Reapportionment refers to the allocation of the number of congressional seats among the states or legislative seats among the counties. It’s referred to as reapportionment because this process is carried out every ten years. Apportionment is determined at the federal level using the Method of Equal Proportions adopted in 1941.
What is redistricting?
Once apportionment is established, it is up to each individual state to draw its own congressional and legislative boundaries. This process is called redistricting and it involves adjusting established electoral district boundaries in response to population shifts. Conventional thinking is that areas of faster growth are entitled to more representation, with the opposite being true as well.
Why is this done?
To ensure equality of government representation among the states proportional to the population, Article 1, Section 2, of the U.S. Constitution established that the apportionment of the U.S. House of Representatives shall be based upon a national census.
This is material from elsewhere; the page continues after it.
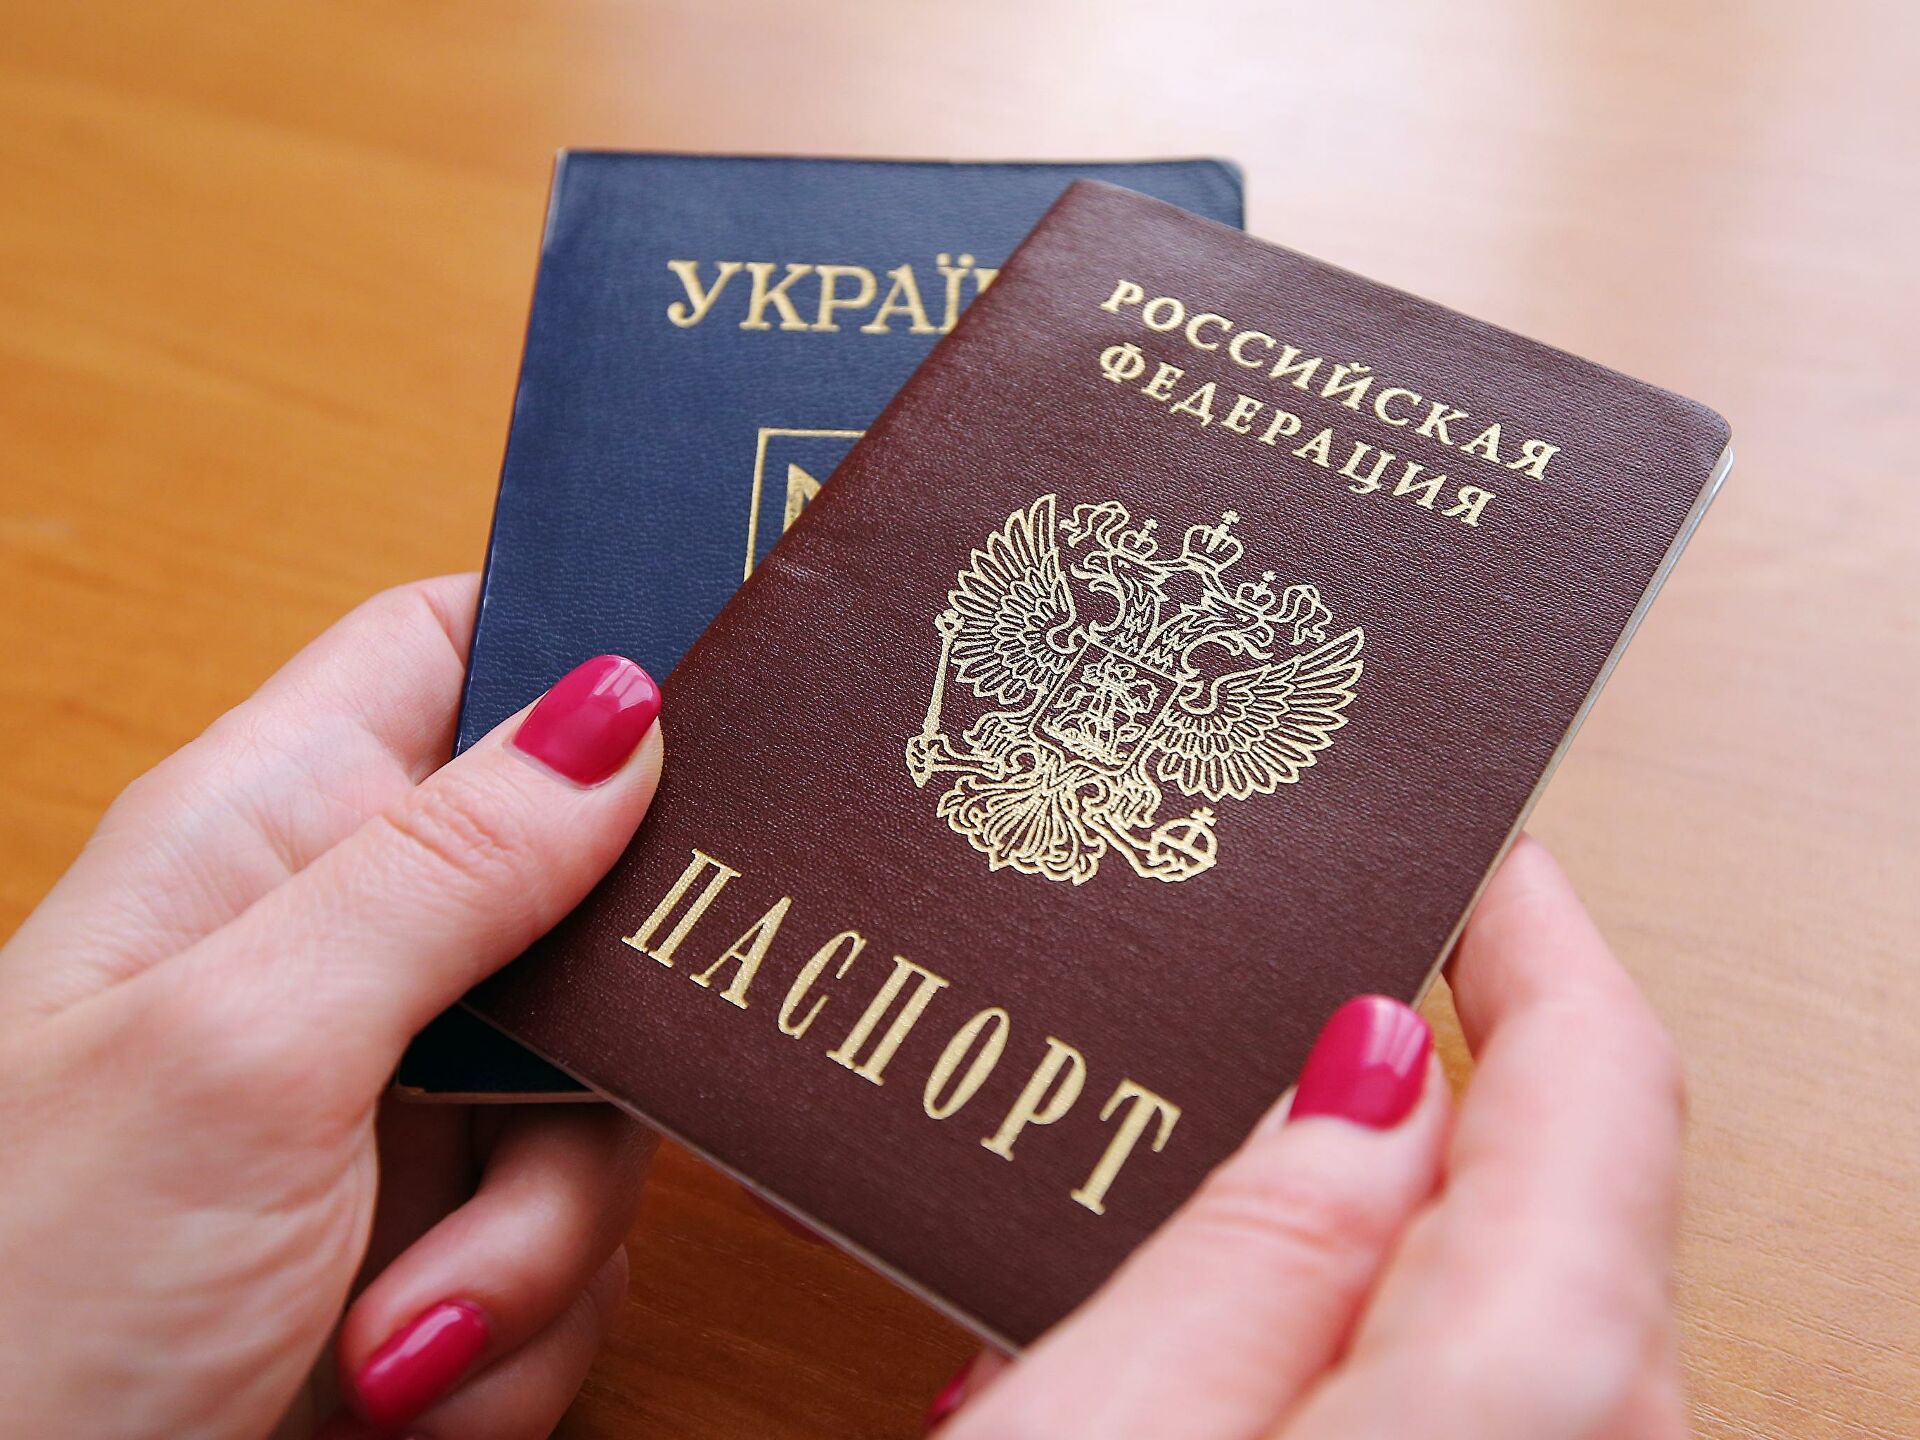 Украина получить российское гражданство

The first census was taken in 1790, with the 2010 census being the twenty?third census in the history of our country.
What does this mean to me?
A legislative district, precinct boundary or polling place may need to be changed. If you reside within this area, you will be notified by the receipt of an updated voter information card, notices in the local newspaper and a notice will be placed on our website.
Relocation of a polling place is never taken lightly by the elections office, but may be necessary based on the outcome of redistricting, losing the use of a building for various reasons, and the need to consolidate precincts for budget reduction purposes. Of course, voting by mail and early voting are options available to all registered voters.
So, although change is inevitable, we will do our best to make it as painless as possible. We will be sure to keep you informed along the way.
QUOTE FOR THE MONTH: A truly happy person is one who can enjoy the scenery on a detour.